BOWDOINHAM, Maine - Breaded and fried in butter, smelts are a delicacy for many Mainers. But the small forage fish, which once roamed the estuaries and rivers from the Chesapeake Bay to Canada, has all but vanished from Massachusetts on south.
A decade ago, federal regulators classified them as a "Species of Concern." And while they are showing up in Maine this season, anglers here are hoping that, with smaller numbers of fish, they won't also lose a much-loved winter pastime.
You can still find them for sale in the grocery store this time of year and on the menu in certain restaurants, but the popular fish that were once landed in the millions of pounds are getting harder to catch.
"2014 was the only year that, during all of our sampling, I never caught a fish," says Claire Enterline. "And I don't like to think that I'm that bad of a fisherman."
Enterline is a marine scientist with the Maine Department of Marine Resources which monitors smelt populations, and undertook an emergency closure of the spring dip net fishery when surveys showed there was a problem last year.
"It's not like it was just us," Enterline says. "You know, in all of our interviews it would be the same thing and people were really worried."
Smelts are anadromous fish that live in saltwater and migrate to freshwater, bringing with them special nutrients. Seals, cod, striped bass, great blue herons and other seabirds love them.
So do Maine fishermen, like Bill Jones of Limerick and his friend, Craig Fales. They're retired and looking for a break from cabin fever.
"If you come out here on a weekend, a Friday or a Saturday, it' s like a nightclub out here," Jones says. "The place is packed. Everyone's out here yelling, screaming. I mean it's pretty rowdy. It's fun."
Here at the River Bend smelt camp on the Cathance River in Bowdoinham, two dozen commercially-run ice shacks are set up in a straight line, wood smoke curling from their tiny metal chimneys. A heavy snow has created thick slush on top of the ice. Inside the ice shack with a woodstove going, it's warm enough to fish in short sleeves.
"Caught one, dad?" Gabe Watcher asks.
"Nope, just keepin' an eye out on 'em," replies Jacques St. Onge.
Nine-year-old Wachter, of Lisbon, is trying out smelt fishing with his father and grandfather, something they do a few times a year. Like most anglers, they've rented their ice shack for six hours, long enough to cover the tide that brings in the fish.

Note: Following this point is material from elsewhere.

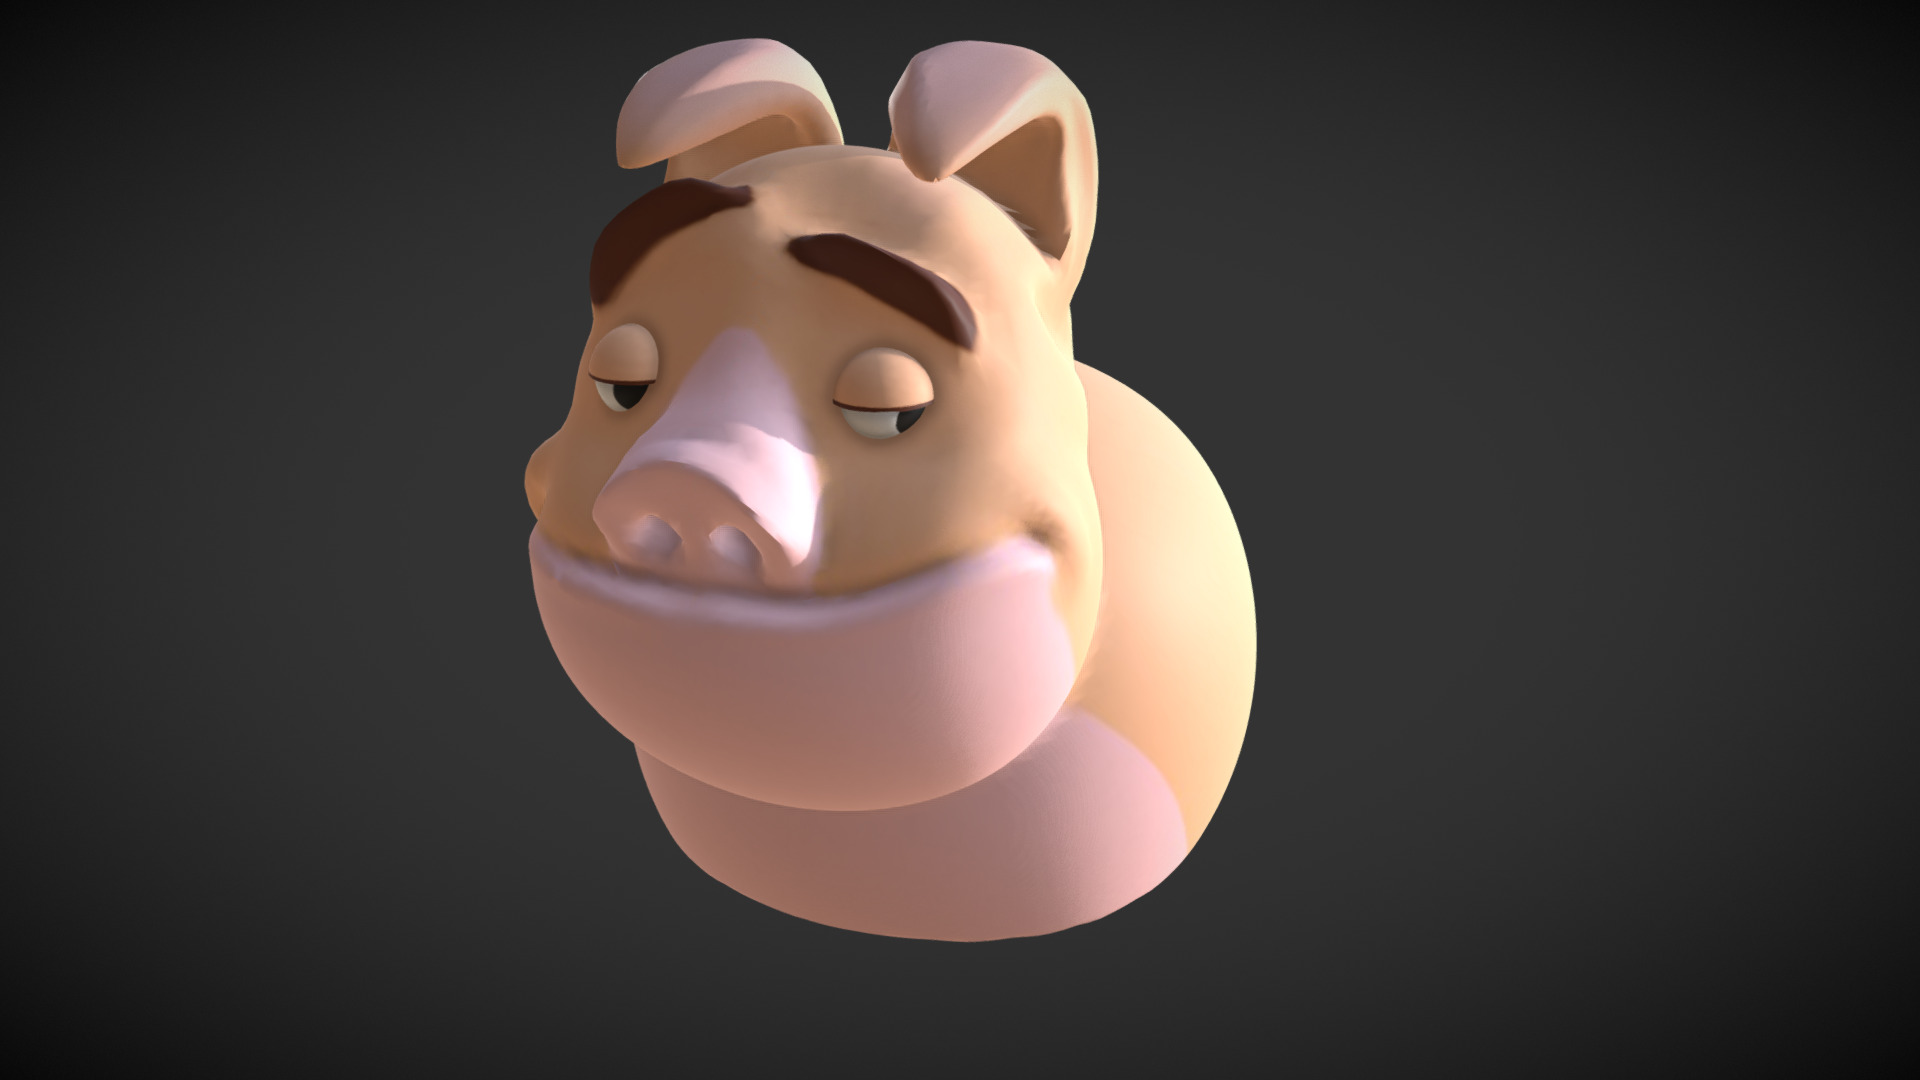 3D model Pig - This is a 3D model of the Pig. The 3D model is about a pink cartoon character.

The shack has pre-cut, rectangular holes cut into the ice on two sides, a series of weighted fishing lines baited with bloodworms attached to the walls.
So far, between the three of them, they've caught eight smelt. But Gabe's grandfather, Pete St. Onge, who's been fishing for most of his life, can remember when the fish and the fishermen were more plentiful. He points to a five-gallon bucket. "We used to fill buckets like this," he says. "Now, if we can fill a bucket we're doing good."
Susan Sharon: "You used to fill more than one bucket?"
Pete St. Onge: "Yeah, in a four-man camp we could fill two buckets."
In its heyday, just a few decades ago, there were twice as many ice fishing shacks set up at River Bend Camps. But owner Andy Wallentine says that's no longer possible because of the changing weather and lack of ice.
"Well, like this year we didn't get started 'til the second week of January. It was open water out here," he says. "The winters don't seem to be as cold as they used to be. It has been longer seasons. I seen 12 weeks. Now we're lucky if we got eight weeks."
Wallentine says last year his clients walked off the ice with no fish. This season is looking better, with some fishermen catching half a bucket full.
But Claire Enterline of DMR says smelt fishing seems to be cyclical, and during the good years the fish still aren't bouncing back enough. Scientists don't know why.
"A lot of people ask what's the reason that it's happening and there's no one reason," Enterline says. "There's a lot of things going on."
Those include rising sea temperatures, polluted runoff and changes in prey and predators in the Gulf of Maine.
But the problems are not confined to any one area. Massachusetts and Rhode Island are dealing with similar issues. And Enterline says the one thing that can be controlled is fishing effort, which is why there's a proposed rule to close parts of Maine from Owls Head west to Kittery to spring smelt season statewide again in Maine this year.